チェリーがバランスを崩し、後ろにいる俺のほうに倒れてくる。
俺はチェリーの小柄な身体を胸で受け止めた。
「あ……ありがとうございます、先輩」
顔のすぐ下にあるピンク色の頭から、ふわっと甘い香りがする。
うーむ。
女性アバターにはすべからく、『髪から女子っぽい甘い香りがする』とでも設定されてるんだろうか。
一度気になったら止まらない。
すんすん。
「……あ、あれ……? 先輩?」
「んー?」
「も、もしかして……私の髪の匂い、嗅いでません?」
「いやー?」
ピンク色のつむじに鼻を近付ける。
すんすん。
「かっ、嗅いでますよね!? つむじに風を感じるんですけど!」
「トロッコだからね。風くらいはね」
「風っていうか鼻息だと思うんですけど!」
「気のせい気のせい」
「ちょっ! もう完全に顔うずめてますよね!? 干したての布団みたいにしてますよね!? だっ、ダメですったらあっ! せ、せめてお風呂にっ……!!」
ばたばた暴れるチェリーを押さえているうちに、トロッコはワープポータルがある《フェンコール・ホール》に到着した。
トロッコから降りる。
チェリーは目を合わせてくれなかった。
「……先輩のばか」
「いや、うん、ごめん」
「へんたい。匂いフェチ」
「何の匂いなんだろうなーって気になって……」
「せめてお風呂に入ってからって言ったじゃないですか!」
「風呂入ったあとだったら嗅いでもいいの?」
「いいわけないでしょ!!」
チェリーは顔を真っ赤にして、俺のレバーに重めのブローをぶち込んだ。
うん、その、今回は俺が悪い。
痛みはないものの、衝撃から反射的にくの字になったとき。
流れるように、チェリーが俺の首に腕を回す。
そしてそのまま、俺の首筋に顔をうずめてきた。
「くんくん」
「……!? おまっ――」
「くさいです」
ええっ!?
俺がショックを受けているうちに、チェリーはすっと離れた。
まだ赤味が差したままの顔が、いたずらっぽく笑う。
「ふふふ。

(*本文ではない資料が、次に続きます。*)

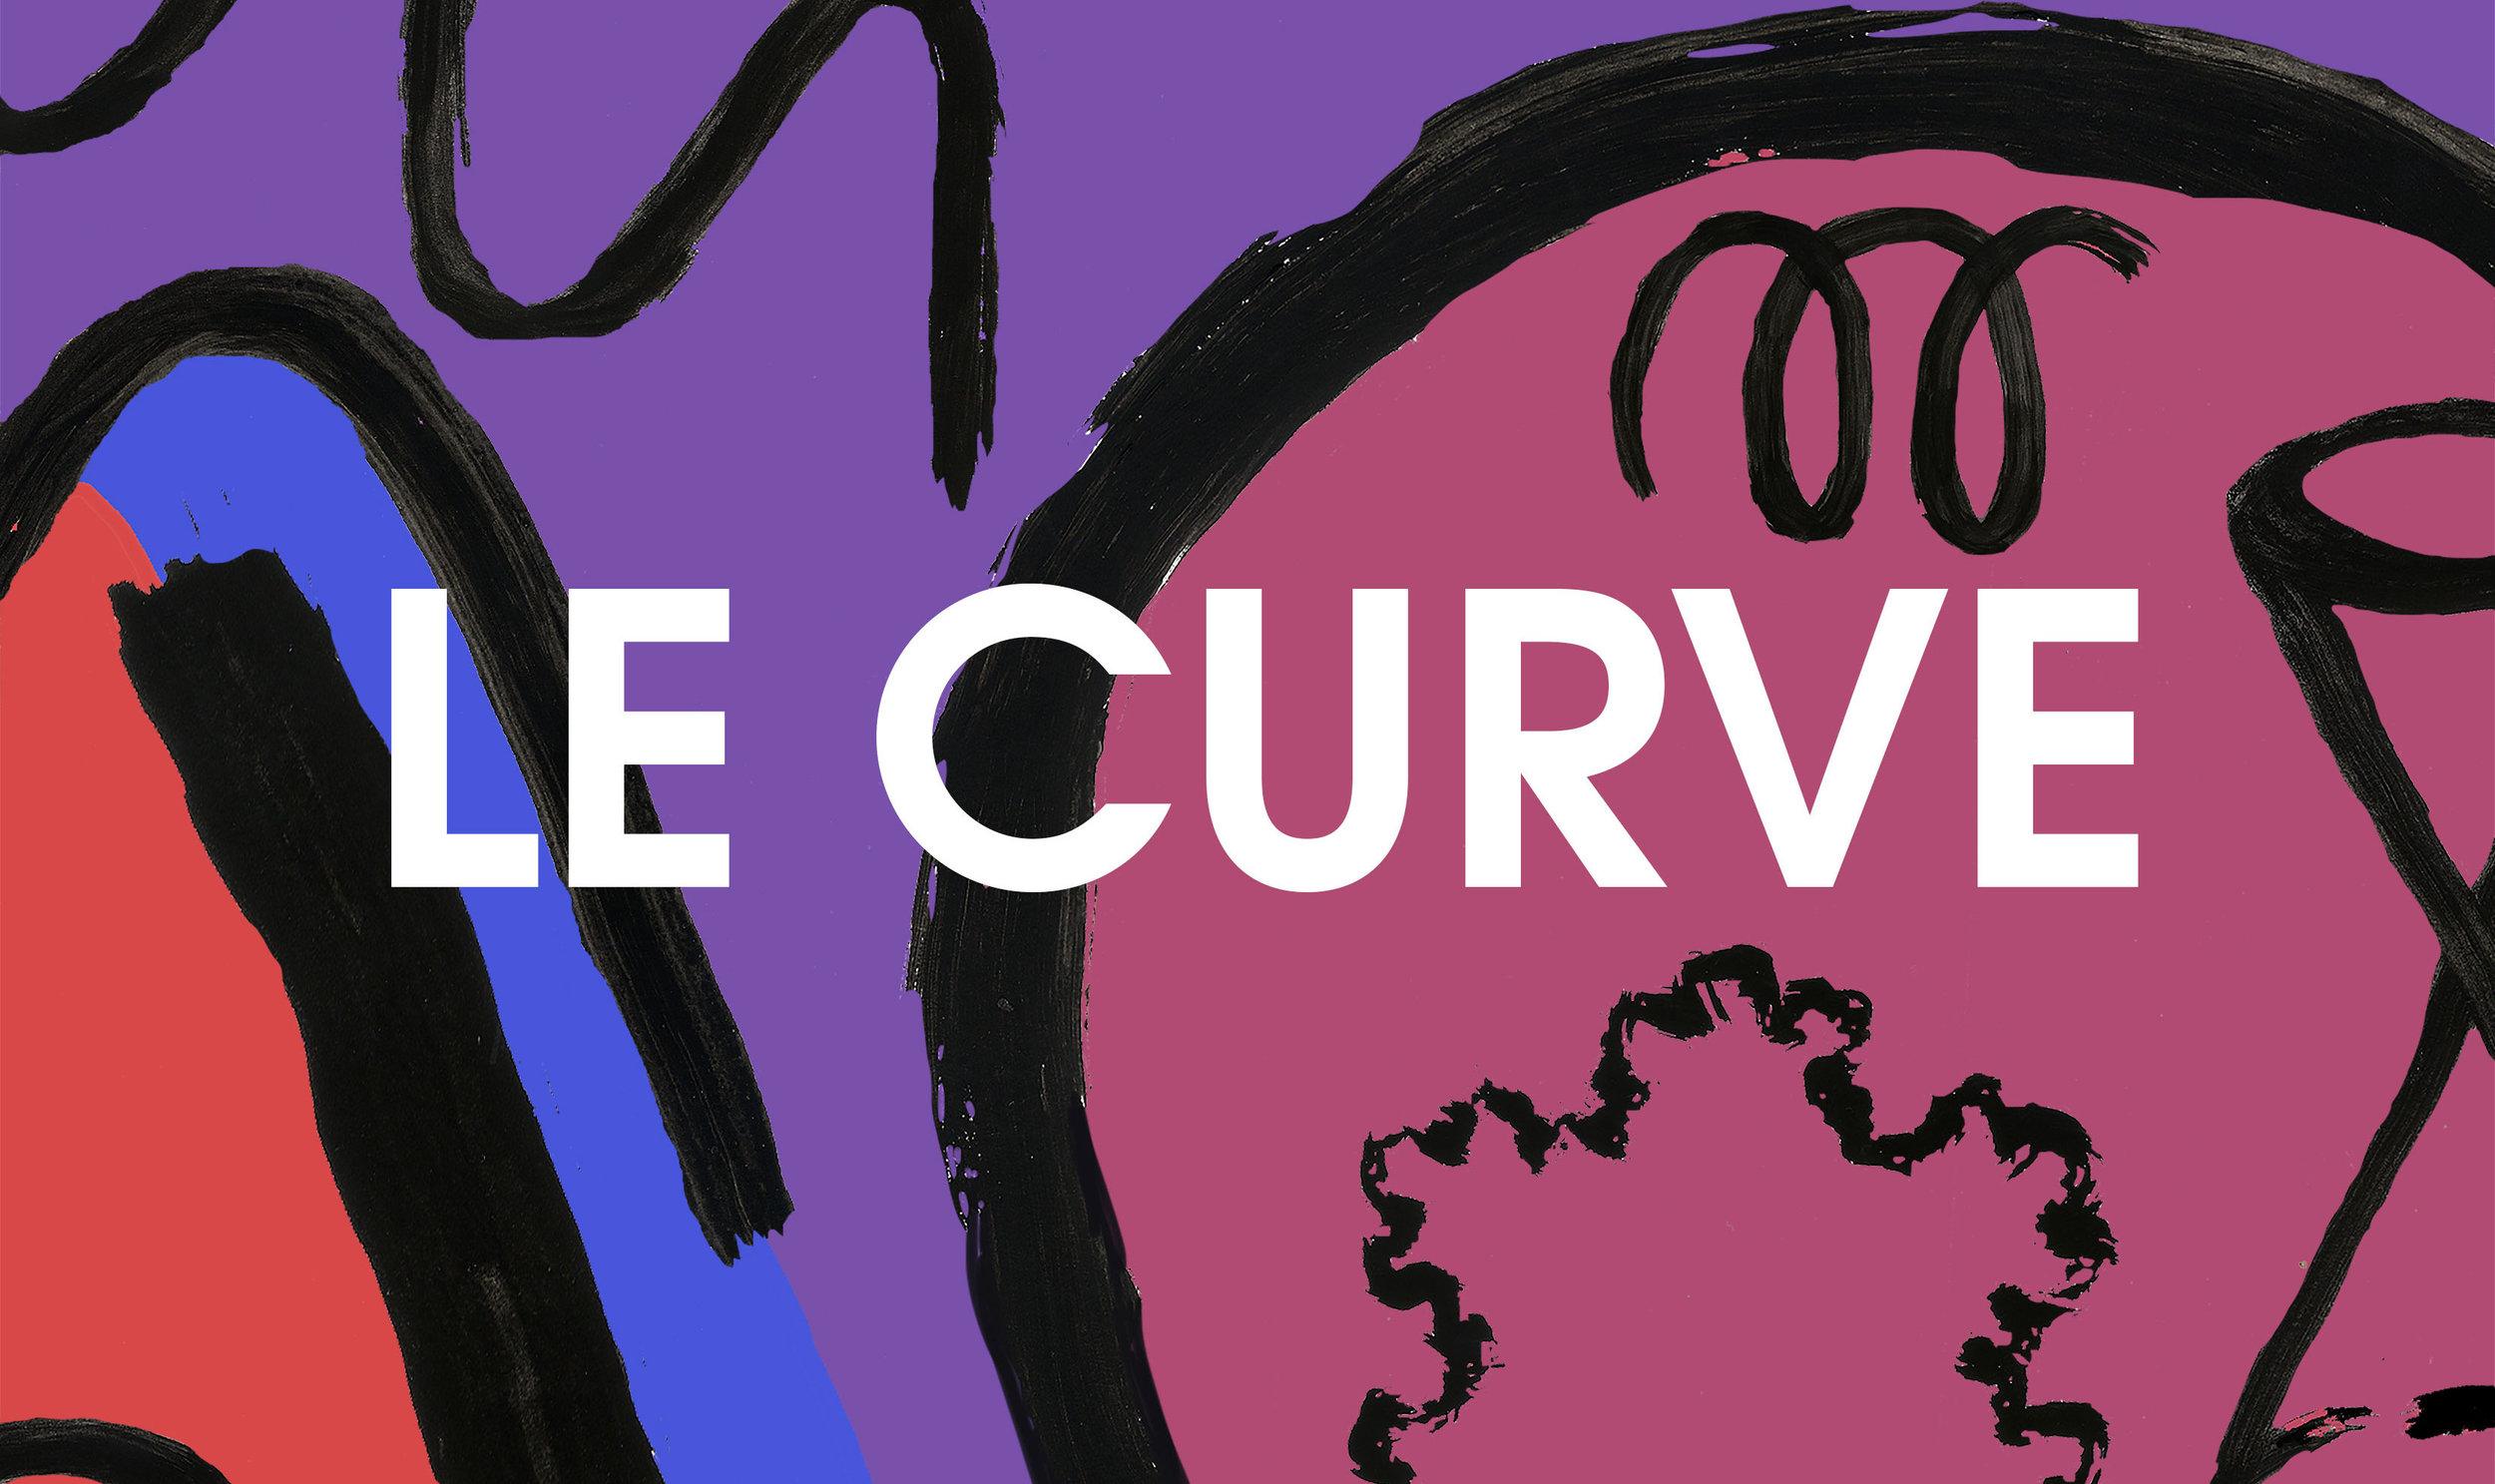 Le Curve

仕返しです。私がどういう気持ちだったかわかりましたか?」
俺はチェリーに嗅がれた部分を右手で触り、視線をあらぬ方向へ逃がした。
「……よーくわかったよ……」
簡潔に表現すれば――
今にも顔が爆発しそうだ。
◆◆◆―――――――◆◆◆―――――――◆◆◆
壁に設置された梯子をたったか登り、フェンコール・ホールの上を目指す。
「スカートの中見ないでくださいよ!」
「見えねえよ謎の光で!」
「見てるじゃないですかっ!」
「そんなに嫌なら後から登ればよかっただろ!」
「ほっ……他の人に見られちゃうかもしれないじゃないですかあっ!」
というやり取りがありつつ、巨大な縦穴から地上へと出る。
かつて最前線組が無数のフェンコール・ピースと死闘を繰り広げた岩場には、高い壁がぐるりと建っていて、まるで刑務所みたいだった。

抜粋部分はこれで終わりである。